- **Task goal**
Return all the data below as it stands, minus the pictures.

- **Supplied data**

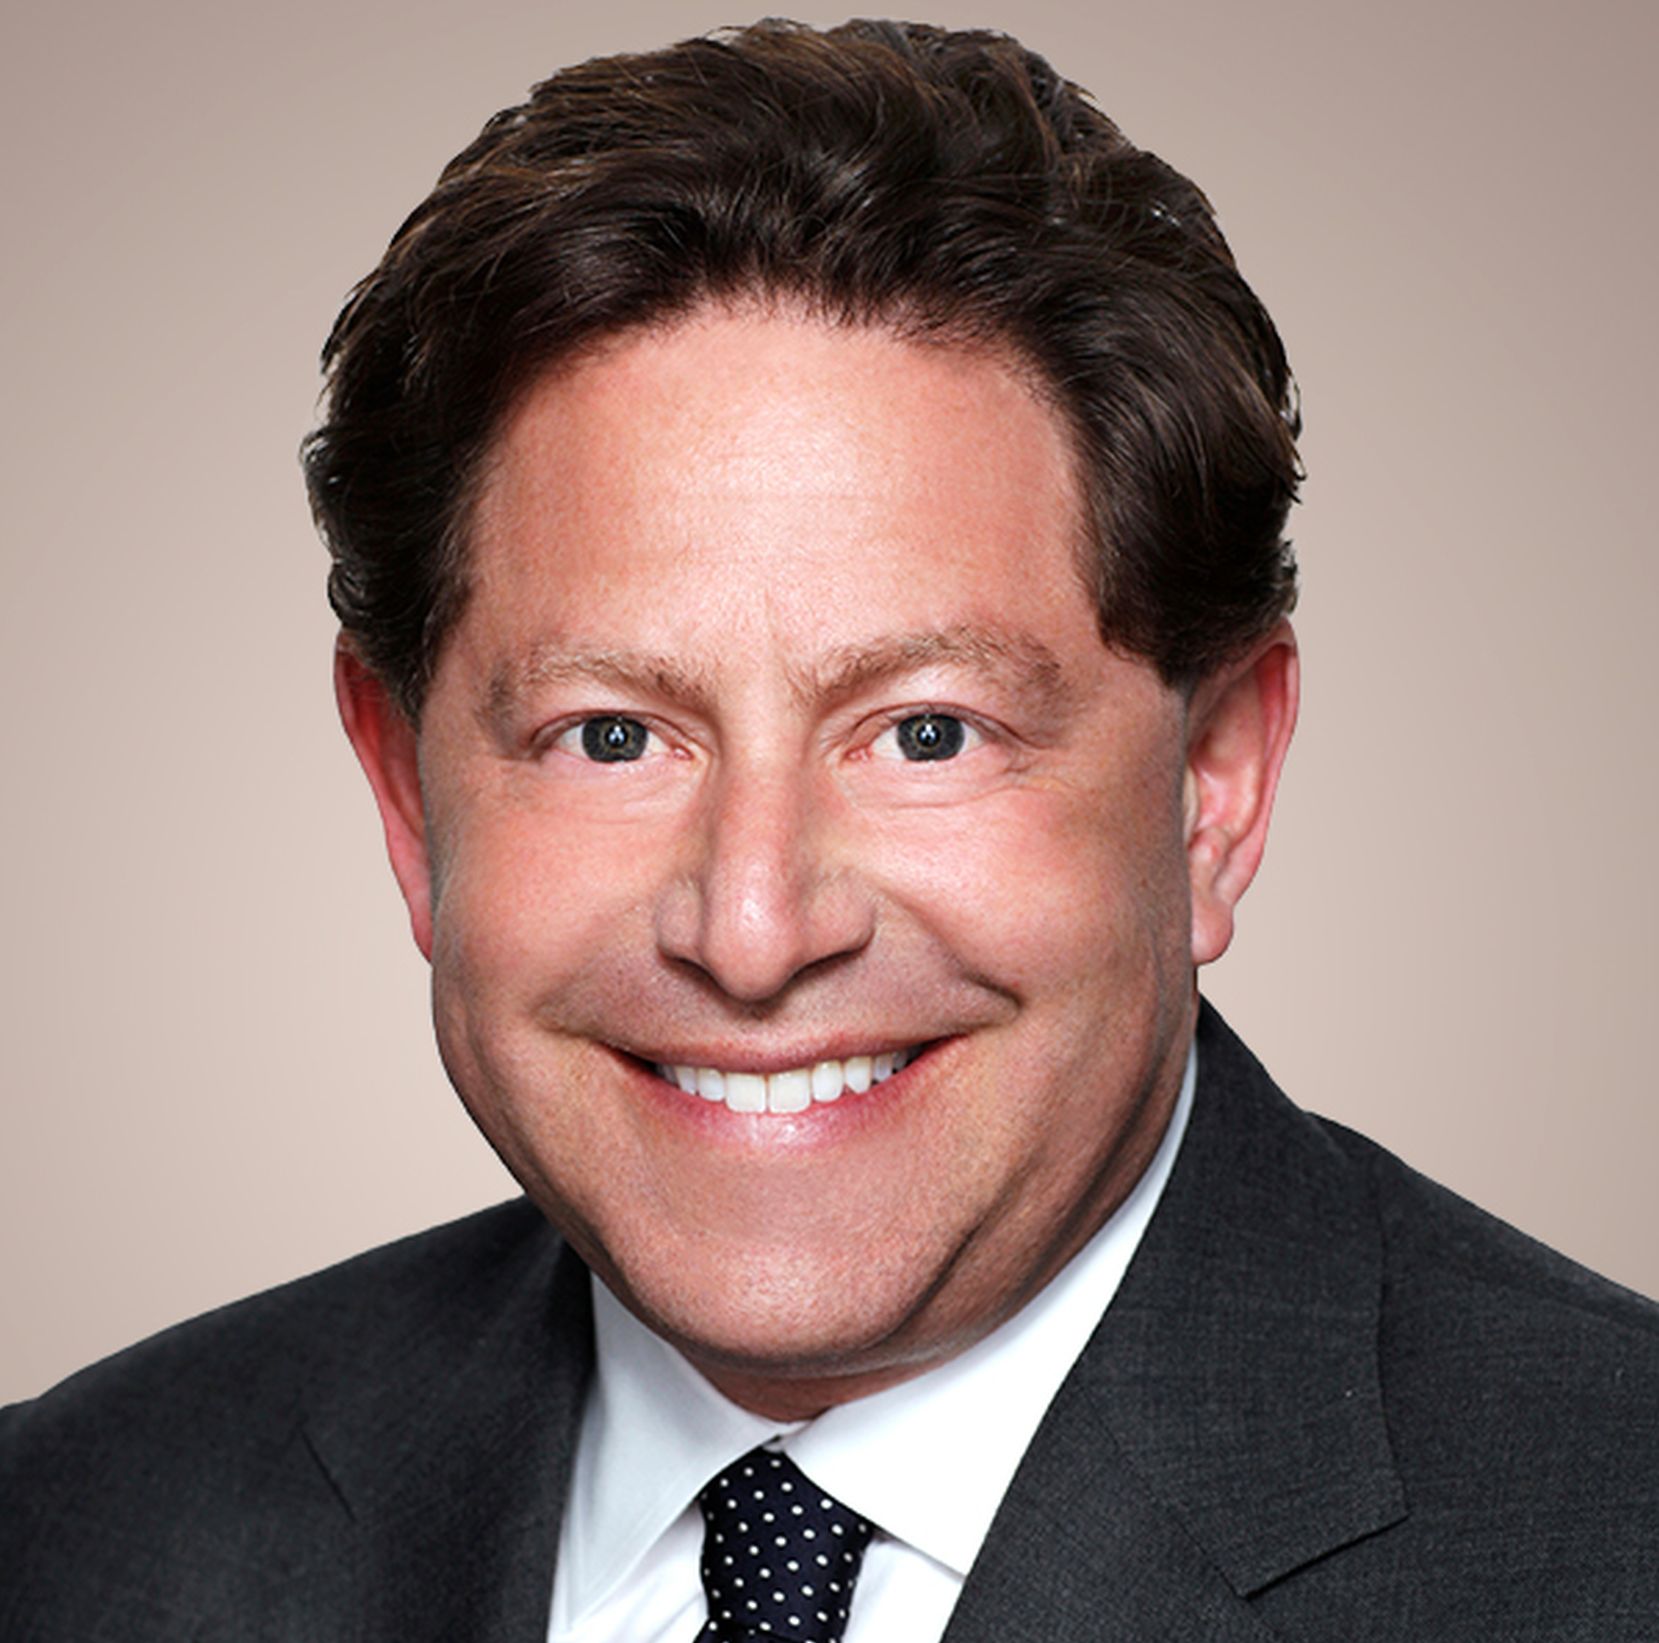 Image for Kotick says he will be "available as needed" at Activision Blizzard "to ensure the very best integration"
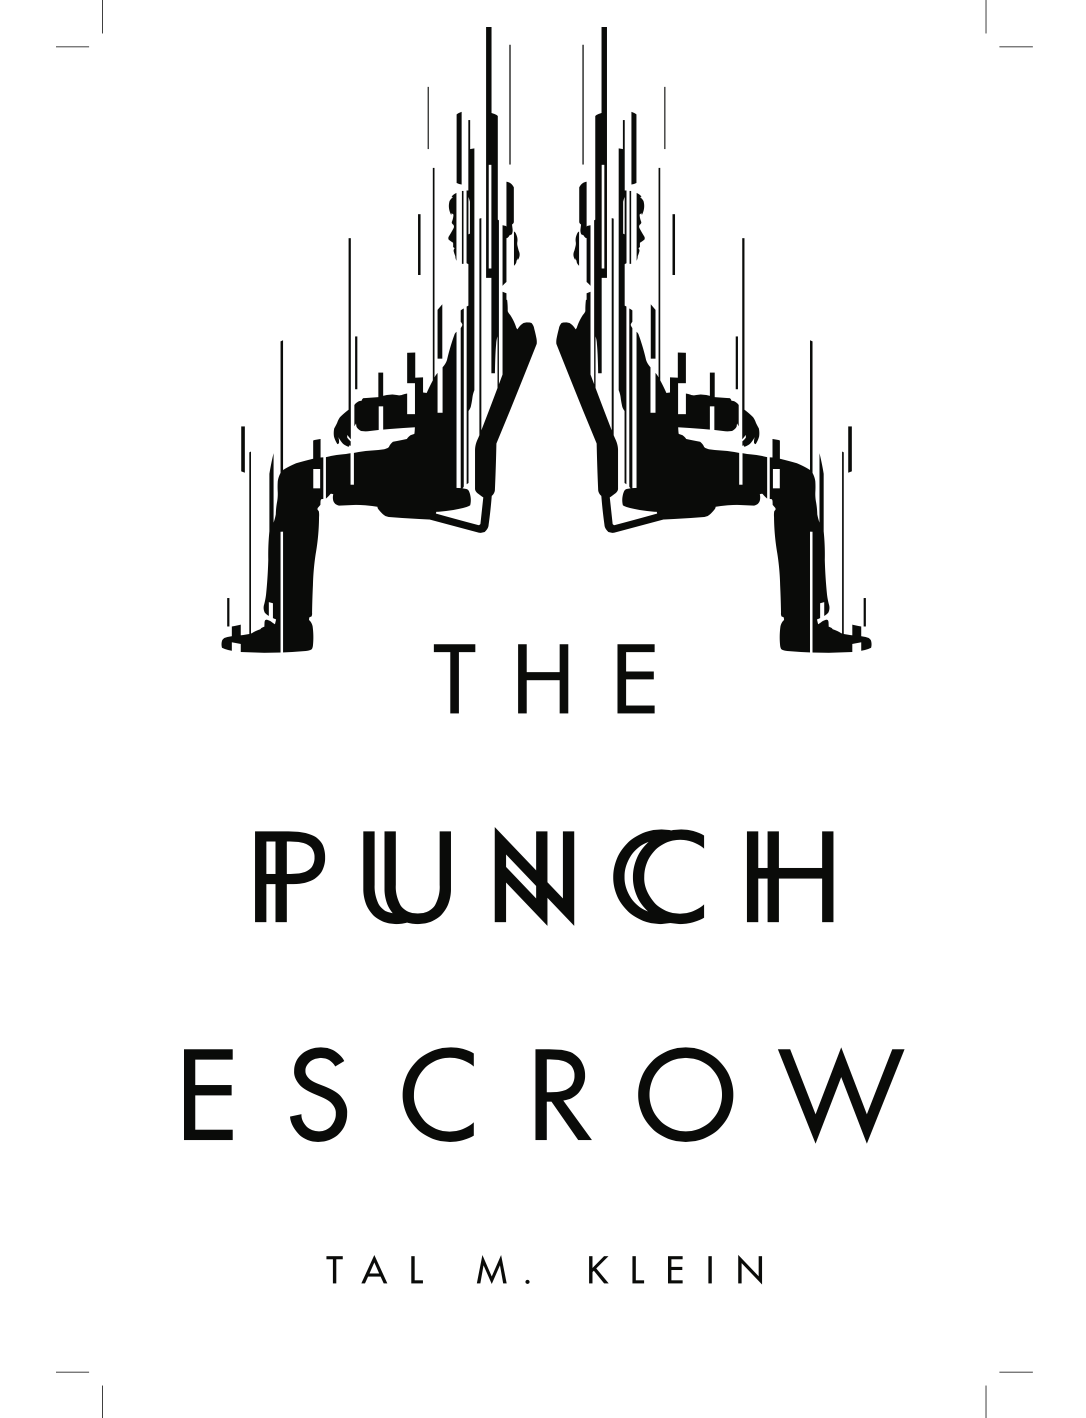 the punch escrow by tal m klein
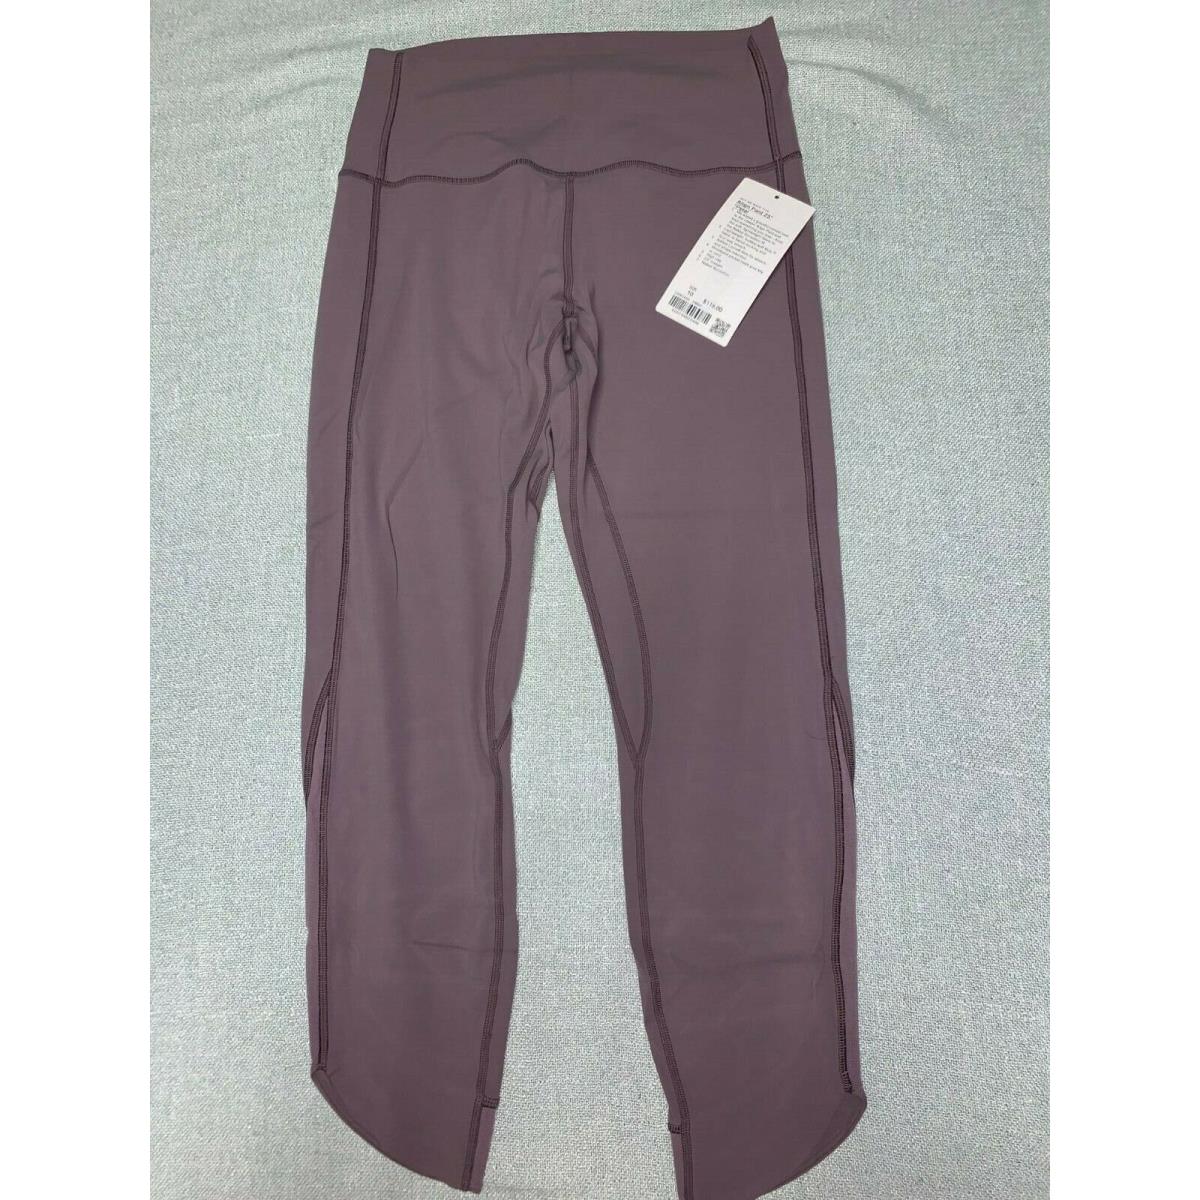 Lululemon Align Pant 25 Petal Frosted Mulberry Size 10

- **Written answer**
 Image for Kotick says he will be "available as needed" at Activision Blizzard "to ensure the very best integration"
 the punch escrow by tal m klein
 Lululemon Align Pant 25 Petal Frosted Mulberry Size 10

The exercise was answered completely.